Location
- 1301 Avenue Dawson Dorval, Quebec Canada 45°26′41″N 73°45′26″W﻿ / ﻿45.44464°N 73.757353°W

Information
- Established: 1966
- School board: CSSMB
- Principal: Frédéric LHERAULT
- Grades: 5
- Age: 12+
- Enrollment: 1200
- Website: csmb.qc.ca/fr-CA/secondaire/ecoles/liste/dorval-jean-xxiii dorvaljean23.ecoleouestmtl.com

= Dorval-Jean-XXIII =

Dorval-Jean-XXIII is a high school located in the city of Dorval on the Island of Montreal. It is a French school which has two buildings. The first building contains Secondary I, II, autism spectrum disorder (TSA) and the welcome classes, while the other building contains Secondary III, IV, V, MEED (Differentiated and Explicit Teaching Modules) and other classes.

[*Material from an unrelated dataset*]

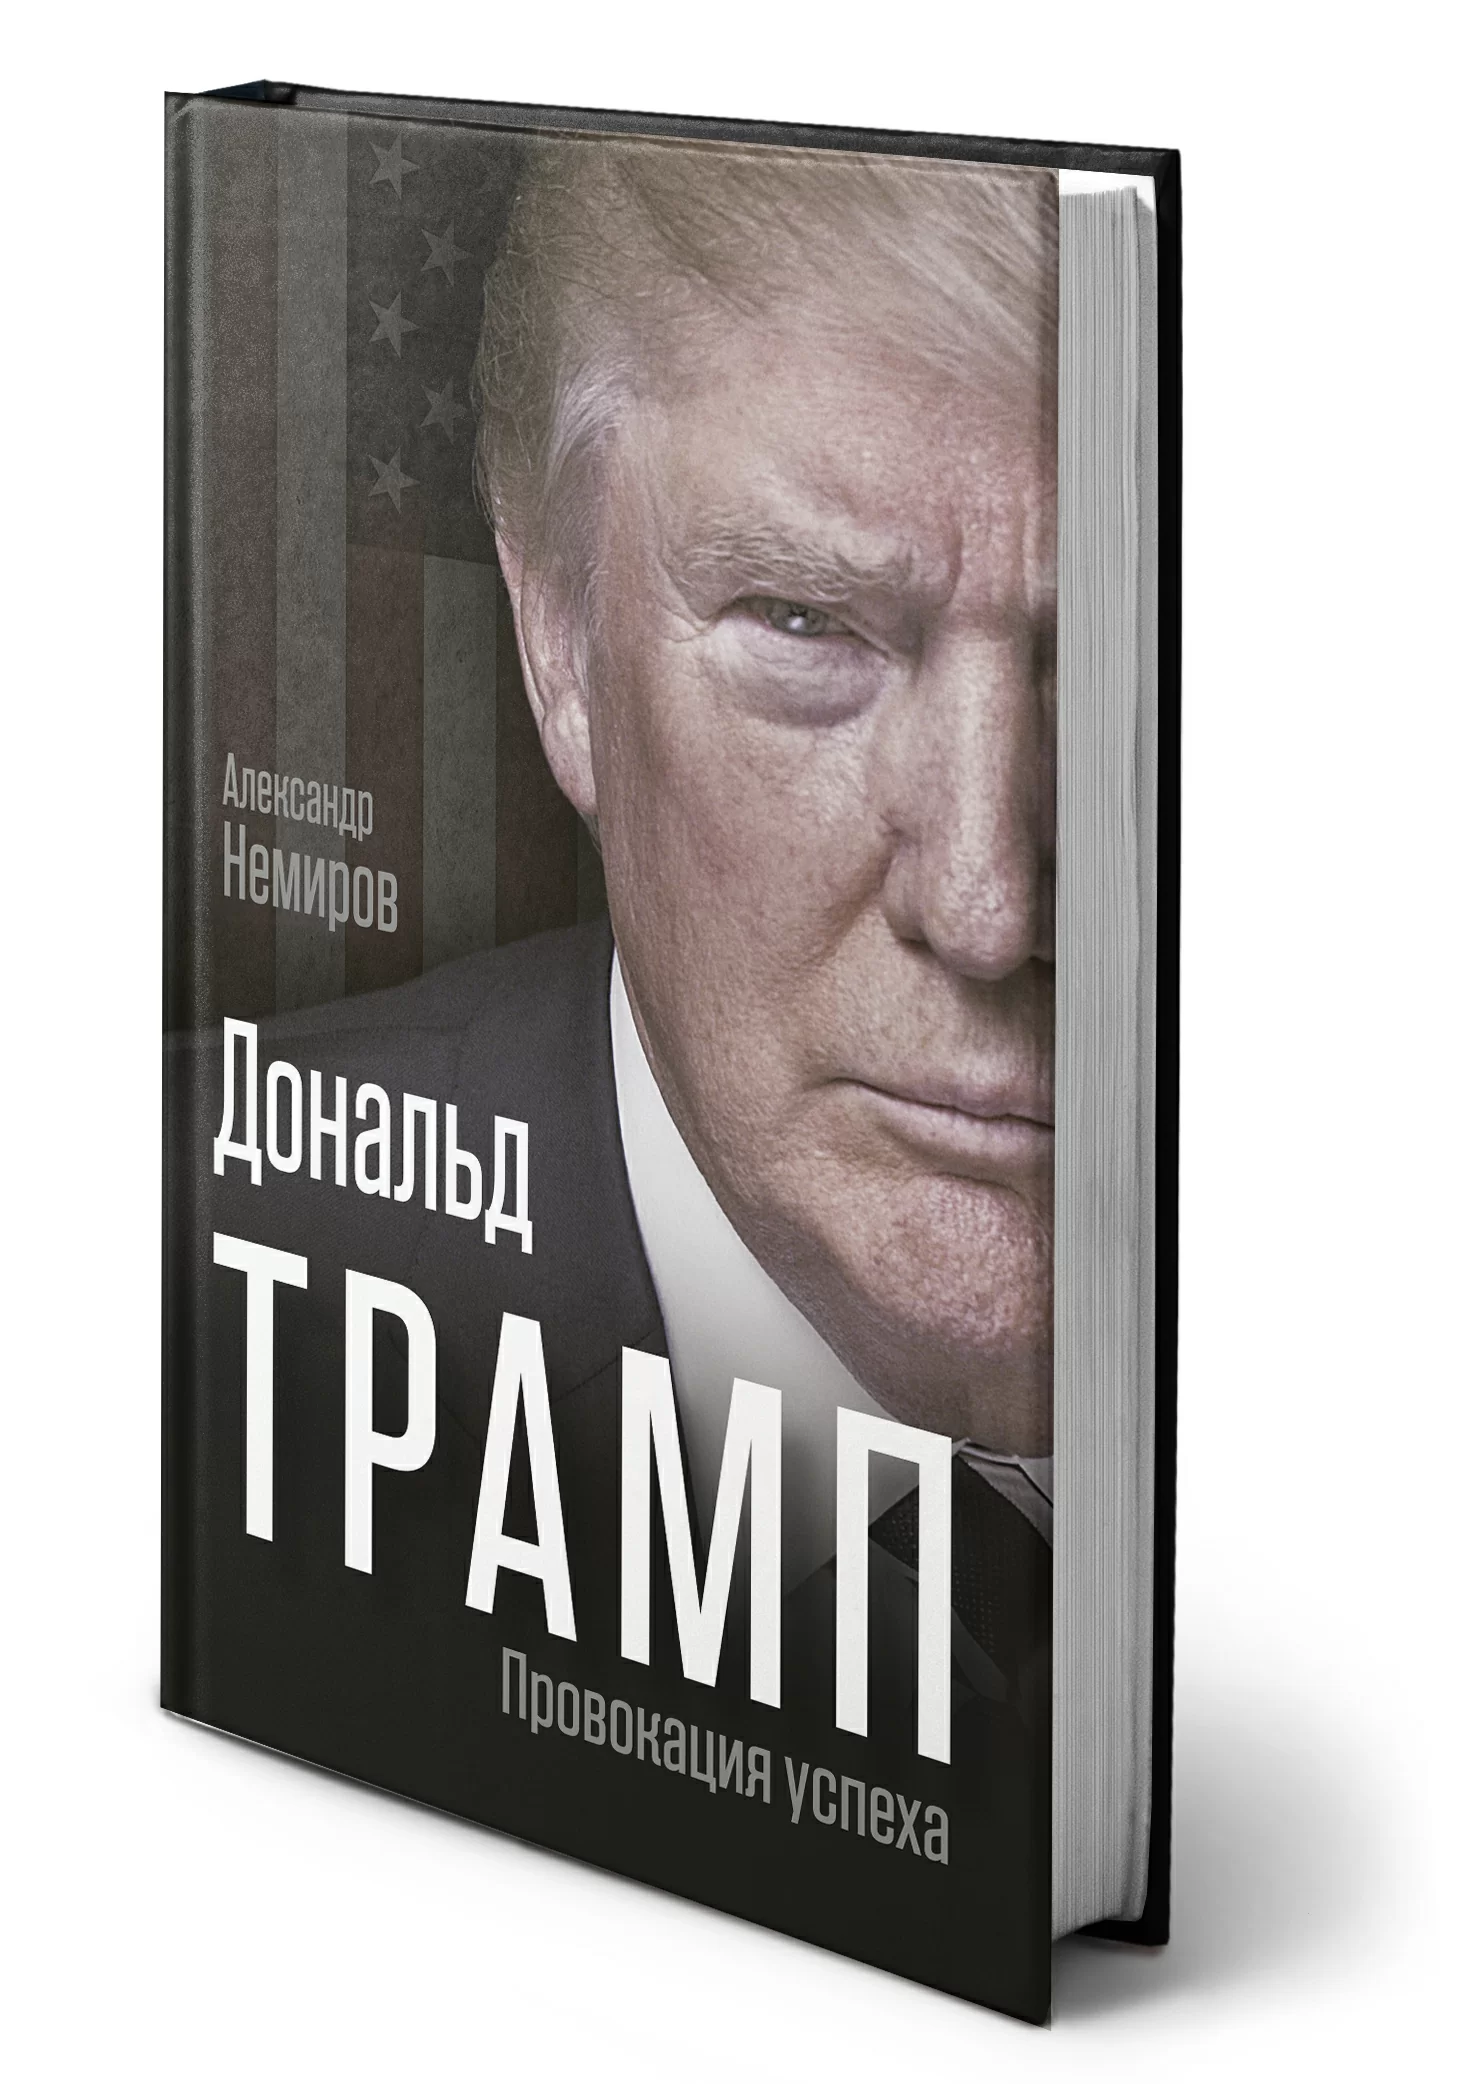 А. Немиров - Дональд Трамп - Провокация успеха

The school has around 1200 pupils. Dorval-Jean-XXIII is located near the Complexe aquatique et sportif de Dorval.
Dorval-Jean-XXIII was the site of the music video for the song Titanium by David Guetta, filmed in 2011. The school has an IB program, a music program (Art-Études and L’Harmonie) and a sports program (Concentration Sport).